基于HBase的数据压缩技术研究

发布时间：2018-07-24 08:30

【摘要】：随着大数据技术的发展以及Hadoop等大数据平台的迅速普及与推广,生活中产生的数据量呈现爆炸性增长的趋势,数据种类呈现复杂化,存储方式呈现多样化。传统的基于行存储的大数据存储方式并不能够以较低的成本将大数据存储起来。与此同时,由于数据的访问频度的不同,对于不同访问级别的数据所采用的存储方式提出了新的要求。

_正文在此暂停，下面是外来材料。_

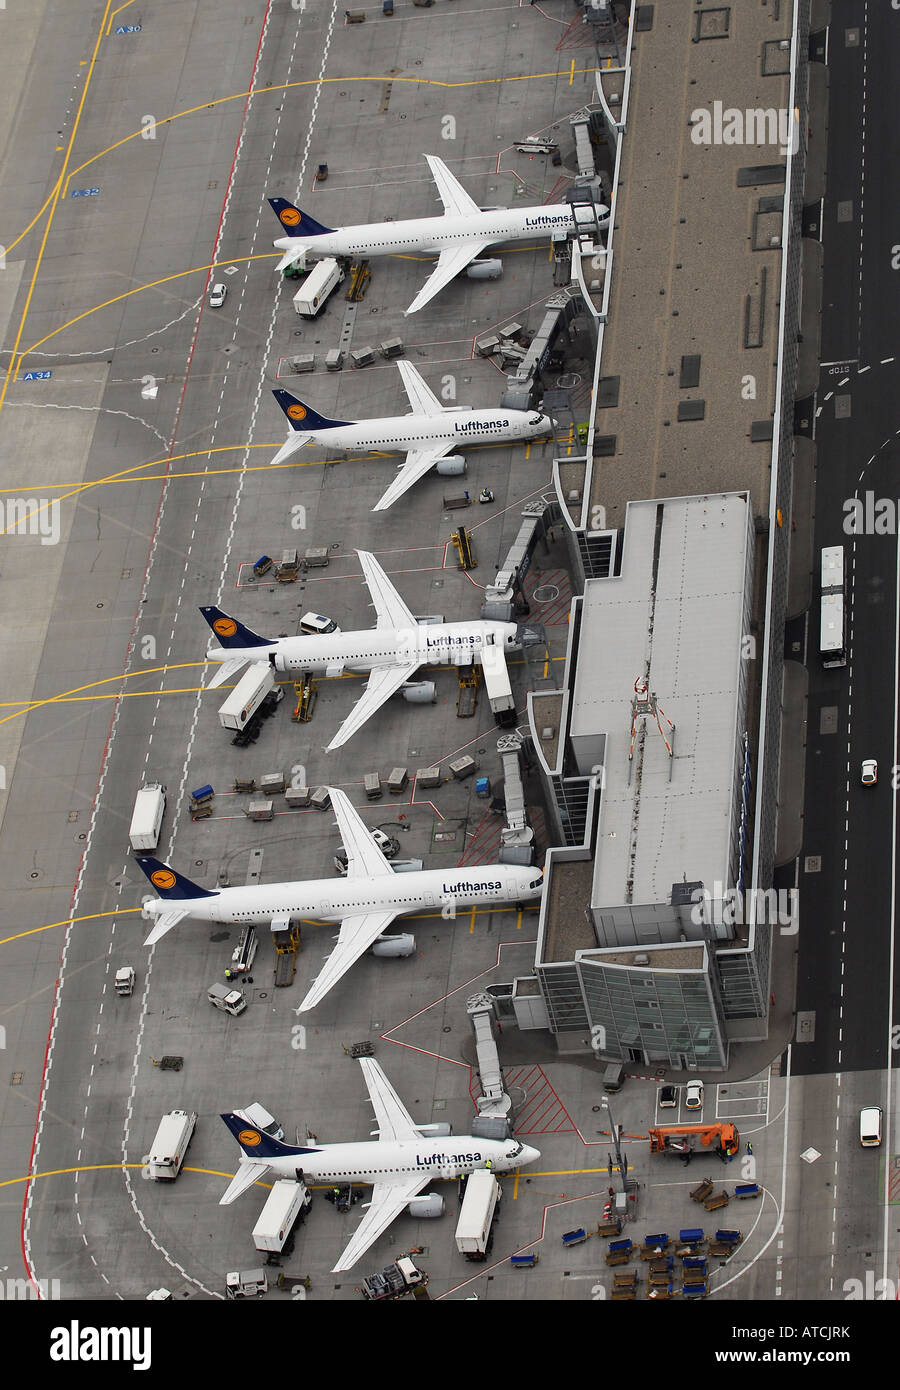 Luftbild des Flughafens in Frankfurt am Main, Deutschland Stockfoto
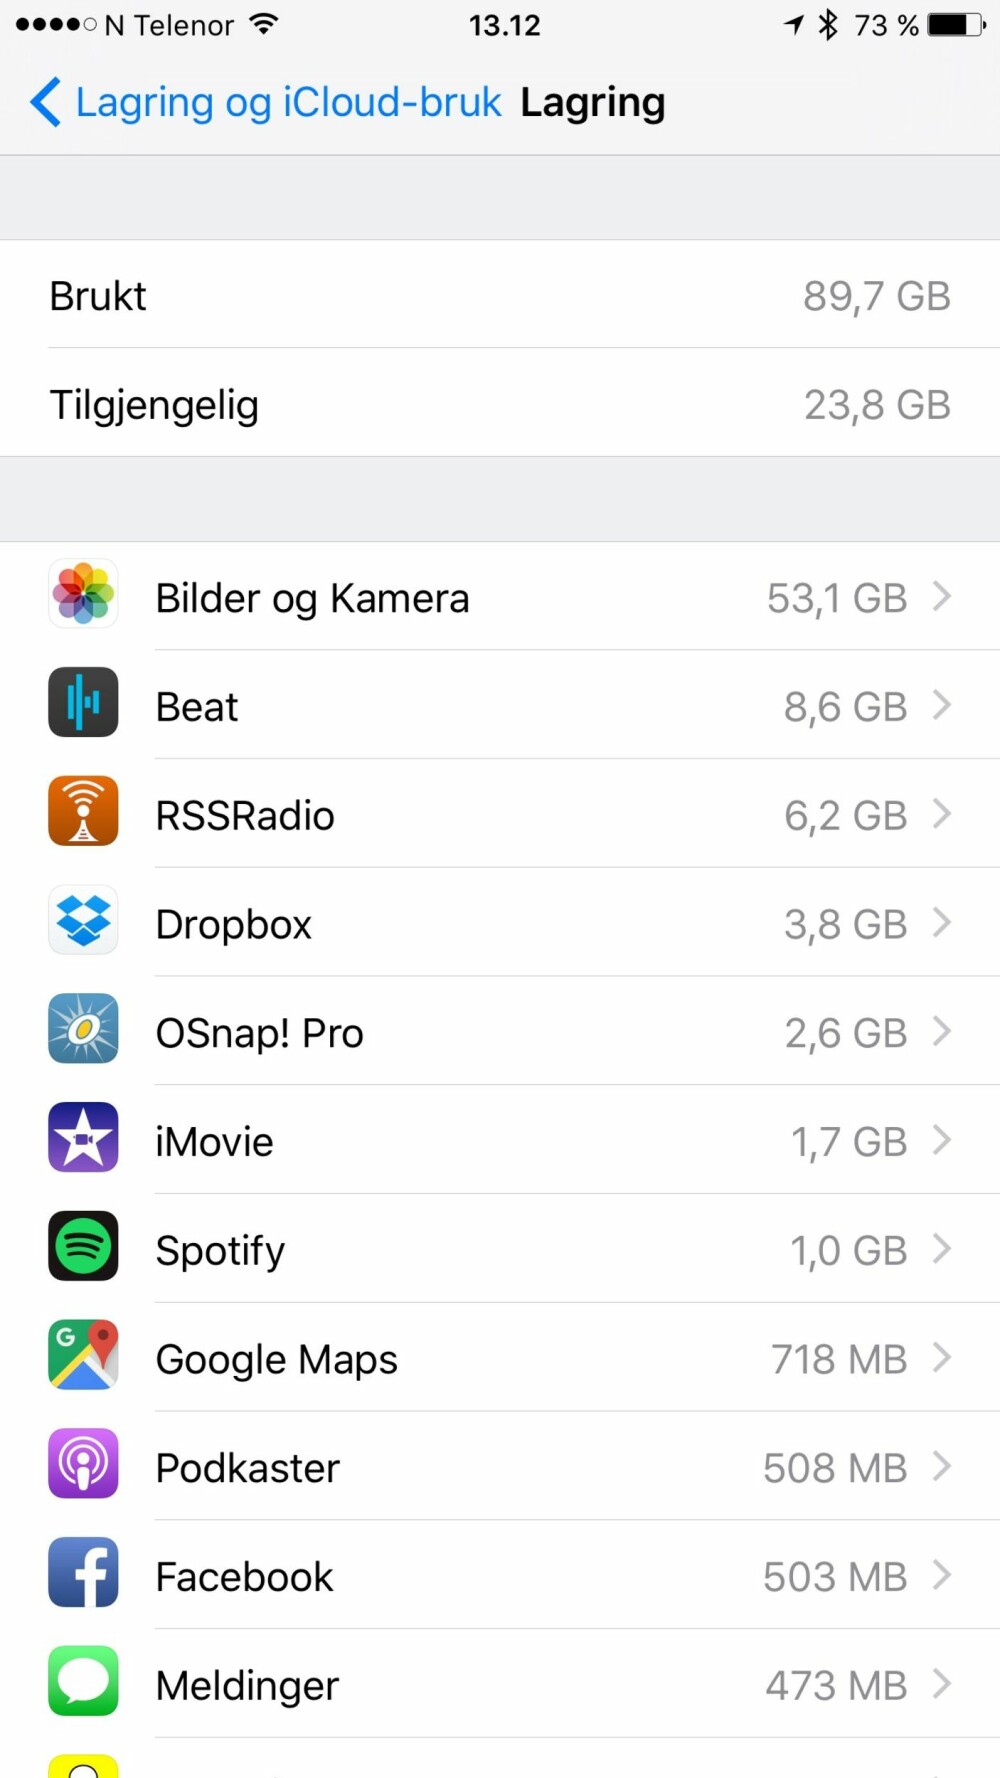 Hva bruker plass på din iPhone? Sjekk hvilke apper som spiser opp lagringsplassen på mobilen din. Slett de du likevel ikke bruker.

针对以上情况,结合大数据平台下的HBase数据库,本文对大规模数据环境下基于HBase的压缩存储技术进行了研究,主要的创新点如下:首先,提出一种基于访问频度的数据分类方法:根据一段时间内数据库文件的访问次数得到相应的访问频度,依据各数据文件的访问频度及相关阈值将数据文件划分为冷热数据并确定具体的访问级别。在此基础之上,提出基于数据访问级别的压缩策略选择方法:定义了确定数据样本的抽样方法,针对原有的压缩策略选择方法中先验知识未必可靠的缺陷,通过添加评估层及时调整先验知识,并在基于相邻参照区和基于统计列选择方法的基础上设计出HBase数据压缩策略选择方法,优化存储成本。仿真实验与结果表明,本文提出的方法不仅能够有效实现大数据的存储,同时还提高了数据的访问性能。其次,从数据迁移的角度,提出一种基于文件价值的数据迁移方法。首先,根据数据访问频度等因素计算出数据块文件的价值,由这个文件价值得到数据迁移的目的设备。同时改进了数据迁移技术,利用数据缓冲区和双缓冲队列解决了数据迁入迁出速率不匹配的问题,提高了数据迁移效率,节省了内存和时间消耗,最终实现了对大数据平台数据的存储优化。最后,基于以上的方法与理论,本文构建了基于数据压缩存储的原型系统并给出一个电子商务应用示范。系统的实现遵循需求分析、概要设计、详细设计及其实现等流程,完成压缩存储管理、数据迁移等功能模块,验证了本文提出算法的可行性,展现了基于HBase的压缩技术理论成果在动态场景下的应用效果。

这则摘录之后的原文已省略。